What is becoming clear is that the next phase of enterprise AI no longer relies on model power, but rather on how well tools are designed to balance autonomy and control.
Pricing and availability
As mentioned previously, Bob is now available for all regions where IBM does business. IBM’s pricing structure for Bob consists of four primary subscription tiers for each user/seat and is built around its own internal credits system called “Bobcoins,” which serves as the primary metric for transparency and predictability.
These are set at a fixed valuation of 1 Bobcoin per $0.50 USD. Users consume these coins by performing specific actions, such as generating code, running commands, or performing file operations. If a user exhausts their balance, they must upgrade their plan to continue using the service.

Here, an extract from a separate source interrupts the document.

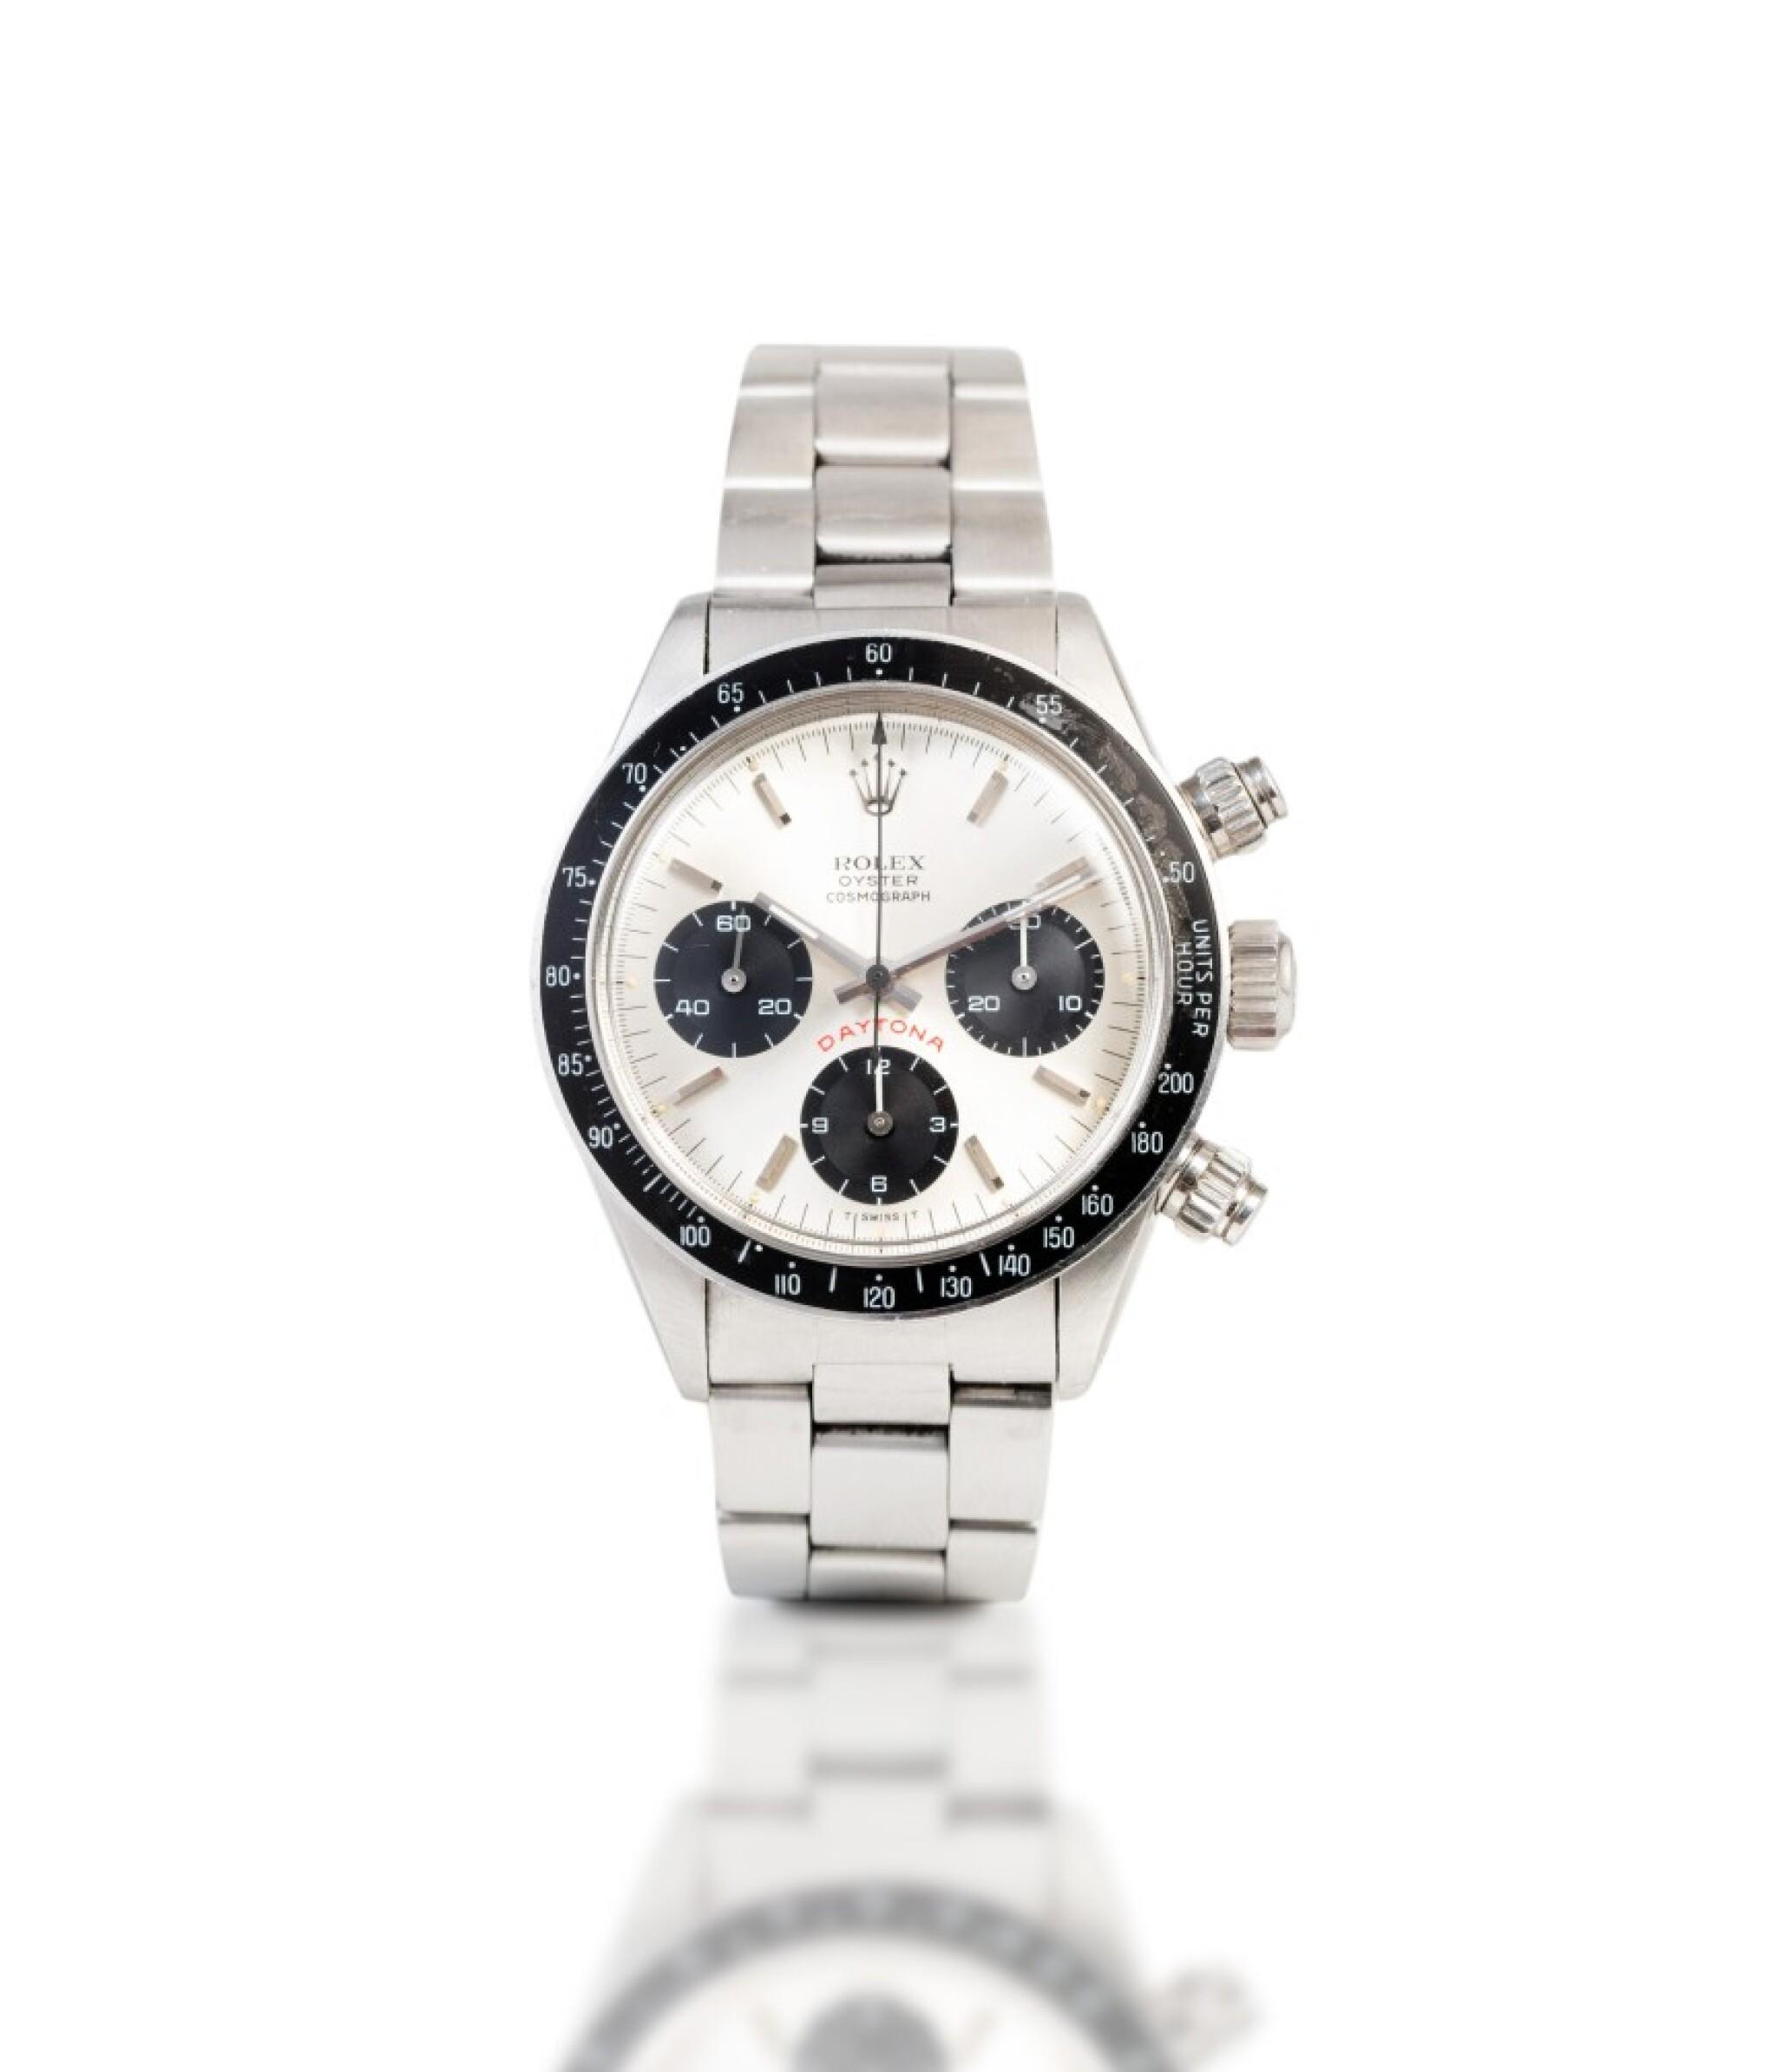 View full screen - View 1 of Lot 21. Daytona, Ref. 6263    Chronograph bracelet en acier avec bracelet |  Stainless steel chronograph wristwatch with bracelet    Vers 1978 |  Circa 1978.

Here are the plans currently offered and how many Bobcoins the user obtains by subscribing to each tier.
-
30-day Free Trial providing 40 Bobcoins
-
Pro plan at $20 per month with 40 Bobcoins
-
Pro+ plan at $60 per month with 160 Bobcoins
-
Ultra tier priced at $200 per month for 500 Bobcoins.
All standard plans provide access to core features including specialized agentic modes, literate coding, the Bob Shell for intelligent CLI workflows, and Model Context Protocol (MCP) integration.
While all individual plans are restricted to a single user, an Enterprise plan is available through sales contact, offering centralized team management, flexible role assignments, and the ability to distribute Bobcoins across an organization.
Enterprise subscribers receive additional benefits such as priority support and a dashboard to track entitlements and usage awareness.